I headed into the sunlight. It sure was quiet. The ruins of the saloons stretched along the alley, visited by reform. And now the reformers were striking again. And the funny thing was, Doubtful seemed to be croaking along with the reforms.
Next door was Mrs. Goodrich's Gates of Heaven. And even though she'd been at the supervisors' meeting, I had to give her official notice anyway. So I drifted that way, enjoying the pale sunlight. It sure seemed eerie, this part of Doubtful without a horse tied to a hitch rail, and without a sound issuing from the saloons.
Mrs. Goodrich, perpetually in black, greeted me coolly.

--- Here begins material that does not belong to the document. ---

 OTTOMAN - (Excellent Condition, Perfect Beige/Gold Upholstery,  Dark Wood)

“You've come to serve notice,” she said. I handed one of the sheets to her. “You want to read this to me, or should I read it to you?”

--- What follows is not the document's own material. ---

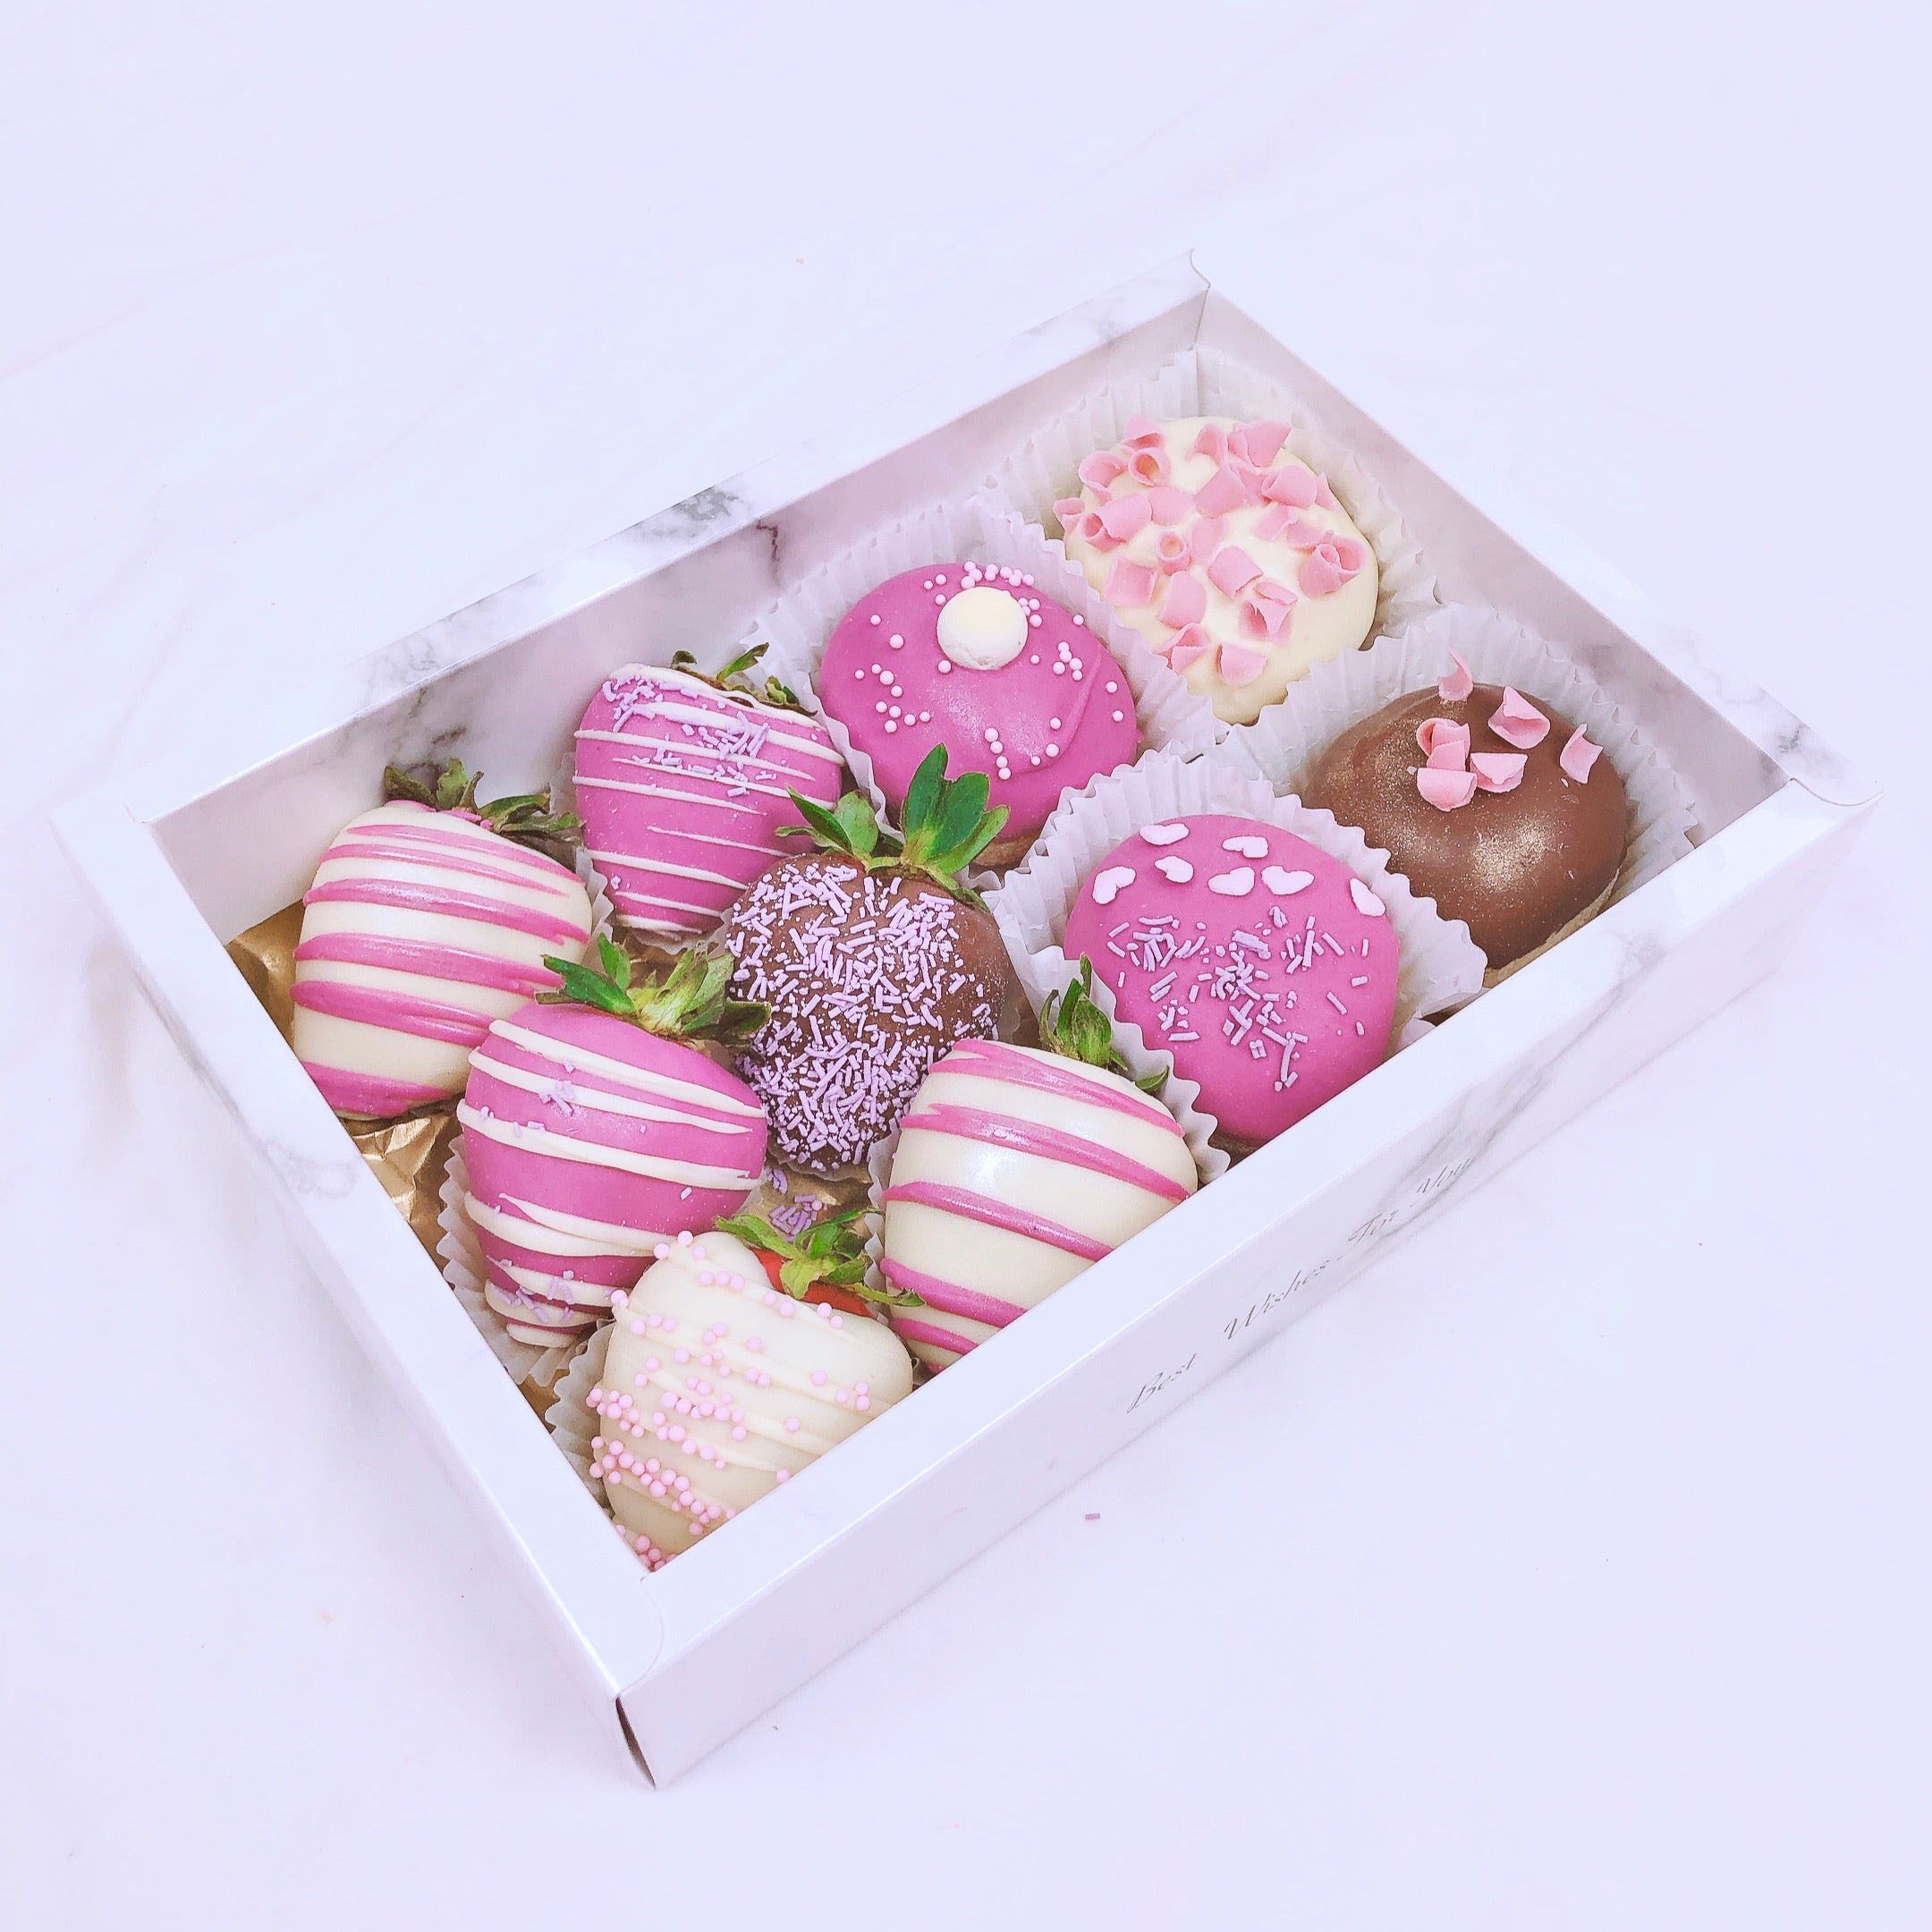 dessert box of chocolate covered strawberries and gourmet doughnuts in a gift box same day delivery Adelaide

“I guess you can figure it out,” I said. “I got to fifth grade and know a few words beyond, but not many.”
“I've debated it for three days, and am not sure what to do. This building, it's worth four thousand and a half. Or was. It's worth about ten cents now. One of your town fathers will end up with it. Maybe Mr. Twining, since he stopped here all the time to untwine himself.” She smiled. “That's how it is in my profession. Make a friend and he has you for dessert.”
“It's not any law I want on the books, ma'am. I'd just as soon let you all bang away, night and day.”
She brightened briefly. “But you have to enforce the laws, and you're not going to play favorites, and you're going to do your best, and you'll be fair and square. That's what I like about you, Sheriff. Well, I tell you what. Come March one, this place will be inhabited by rats and garter snakes. I'll take my girls with me, every one. I won't abandon them. They're some of the best girls I've ever had, and they've been good to me. We're going to get a couple of freight wagons and take our beds and bedding with us, and we'll set up shop somewhere . . .” Her voice trailed away.
“Where's somewhere, Mrs. Goodrich?”
“I wish I knew,” she said. “Somewhere. Maybe a mining town.”
I felt sorry for her. She hadn't asked for this turn of fate, and now she was being hounded out of Doubtful by some triumphant reformers who never paused to wonder how many people they were ruining along the way to their paradise on earth.
“Don't worry about us,” she said. “But maybe blow the girls a kiss when we leave. There are a lot of cowboys who are sweet on some of my gals, and some of my gals are sweet on them. There'll be a few tears, Sheriff.”